Une des forces de l’exposition réside dans ses installations. Ces reconstitutions de salons de la classe moyenne afro-américaine — appartements de sa mère et de sa grand-mère, avec leurs canapés à fleurs, leurs photos de famille, leurs pochettes de disques, leurs plantes en plastique — ne sont pas de la nostalgie. Ce sont des portraits domestiques, des instruments mémoriaux : l’intérieur comme lieu de construction identitaire, d’affirmation collective face à une société hostile.

© J2M

Ces décors volontairement bling-bling, avec leurs faux bibelots et leurs ersatz consuméristes d’Afrique, sont à la fois drôles et poignants. Ils disent une quête quand on a été exclu des représentations dominantes.
Ce passage de l’intime au politique traverse toute l’œuvre. Mickalene Thomas est très présente dans ses travaux — elle se photographie nue (Me as Muse, 2016), se représente au sol dans les Lutteuses — mais sans jamais verser dans l’autobiographie au sens de Sophie Calle. Son propos n’est pas de révéler sa vie privée ; il est d’utiliser son corps, son histoire, sa trajectoire — de Camden à Yale, de Giverny à la Fondation Louis Vuitton, jusqu’au Grand Palais — comme matière à une réflexion critique sur les représentations.

La joie comme résistance

On pourrait s’en tenir à l’exubérance des formes, à la séduction immédiate des grandes peintures chamarrées. Il y a plus. Ce qui rend l’art de Mickalene Thomas politiquement efficace, c’est précisément qu’il refuse le registre de la dénonciation frontale au profit de celui de la joie. « La joie est ma meilleure amie », dit-elle. Et elle ajoute : « Le simple fait d’exprimer cette beauté relève pour moi d’un activisme radical, d’un acte politique. Je ne vais pas en faire un prêche. Mais mon regard, c’est celui d’une femme noire, qui aime les autres femmes noires. »
Cette joie n’est pas naïve, elle est parfois fragile. Elle coexiste avec la série Resist, qui revient sur les violences policières contre les personnes noires, avec les Nus exotiques (2023) qui retravaillent des images d’un magazine français des années 1950 pour interroger la fétichisation des corps noirs, avec la vidéo Me as Muse où la voix d’Eartha Kitt chante Angelitos Negros — un air qui implore les peintres de représenter des anges de couleur. L’émotion y est réelle et surprend.

© J2M
© J2M

Dans les moments de vulnérabilité assumée, Mickalene Thomas est très forte et se met en danger.
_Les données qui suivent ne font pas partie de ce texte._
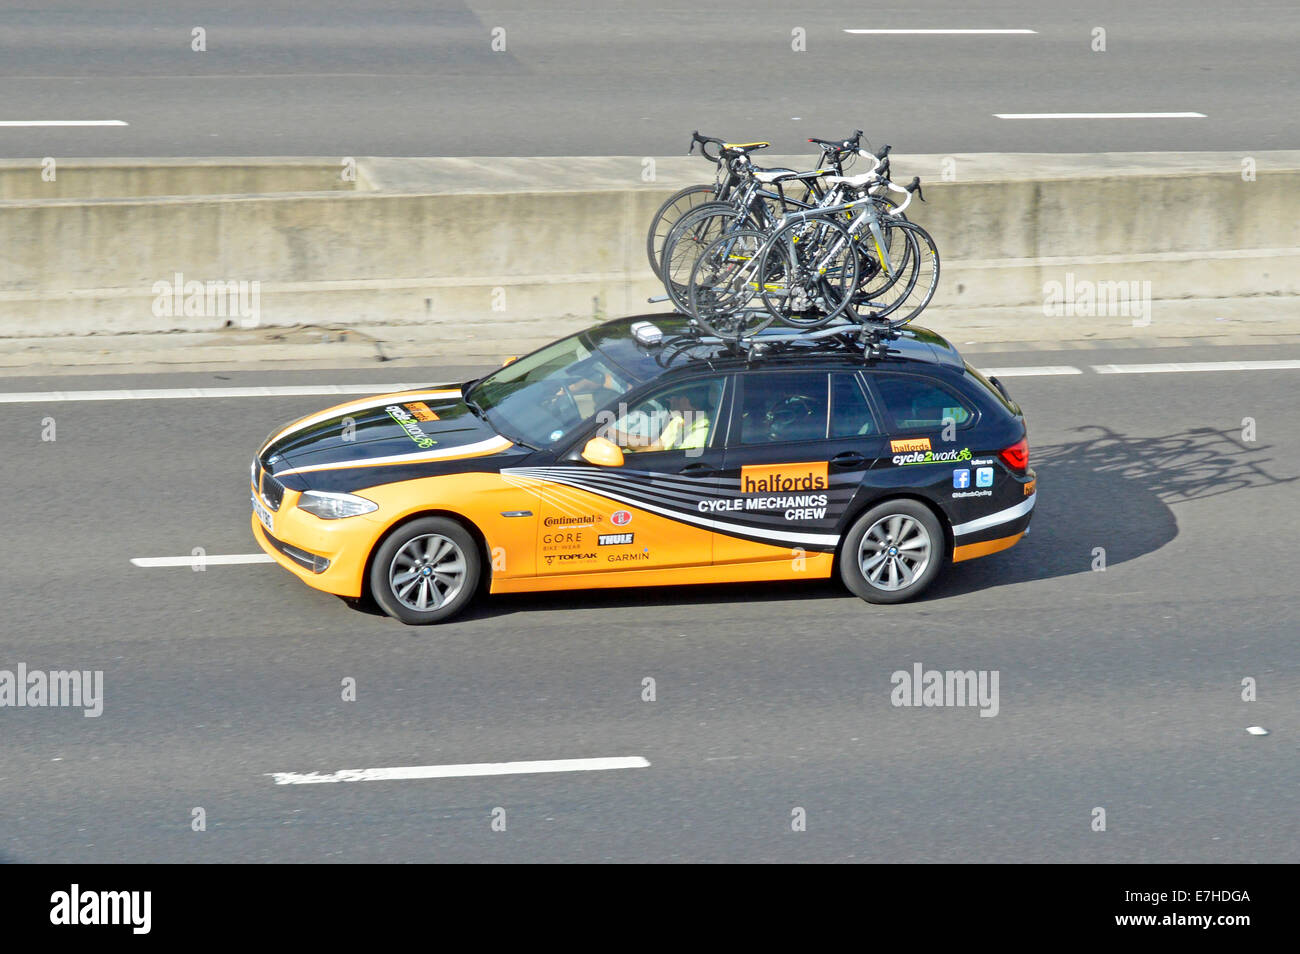 Halfords Cycle Mechanics crew car on motorway with bikes loaded on roof rack and advertising on bodywork Stock Photo

Quand les Lutteuses — où elle se représente combattant à mains nues une autre elle-même en costume de zèbre — convoquent à la fois la mythologie des amazones et une ambiguïté érotique.

Extrait vidéo© J2M

Quand la vidéo finale de l’exposition la montre nue, seule, sans paillettes ni patchwork : « un dévoilement, l’ultime acte d’amour et de désir.  »

© J2M

Cette exposition qui peut sembler parfois répétitive, voire pesante, bénéficie d’une publicité notoire dans l’espace public parisien, se déroule dans un contexte actuel très lourd. La question du « pouvoir des images » dans l’Amérique de Donald Trump traverse un entretien que Mickalene Thomas a accordé au Monde (8 janvier 2026). Sa réponse ne verse ni dans le pessimisme ni dans l’optimisme : elle parle de souterrain, de résistance discrète, de communautés qui se soutiennent sans s’exposer, d’une « pieuvre » aux multiples ancrages. Elle dit qu’il faut faire les deux — partir et rester, chercher des ressources ailleurs et revenir combattre.

Jean Deuzèmes (et Claude)


Grand Palais, Paris, jusqu’au 5 avril 2026.

)

[1Elle a été présentée aux Abattoirs de Toulouse durant l’été 2025.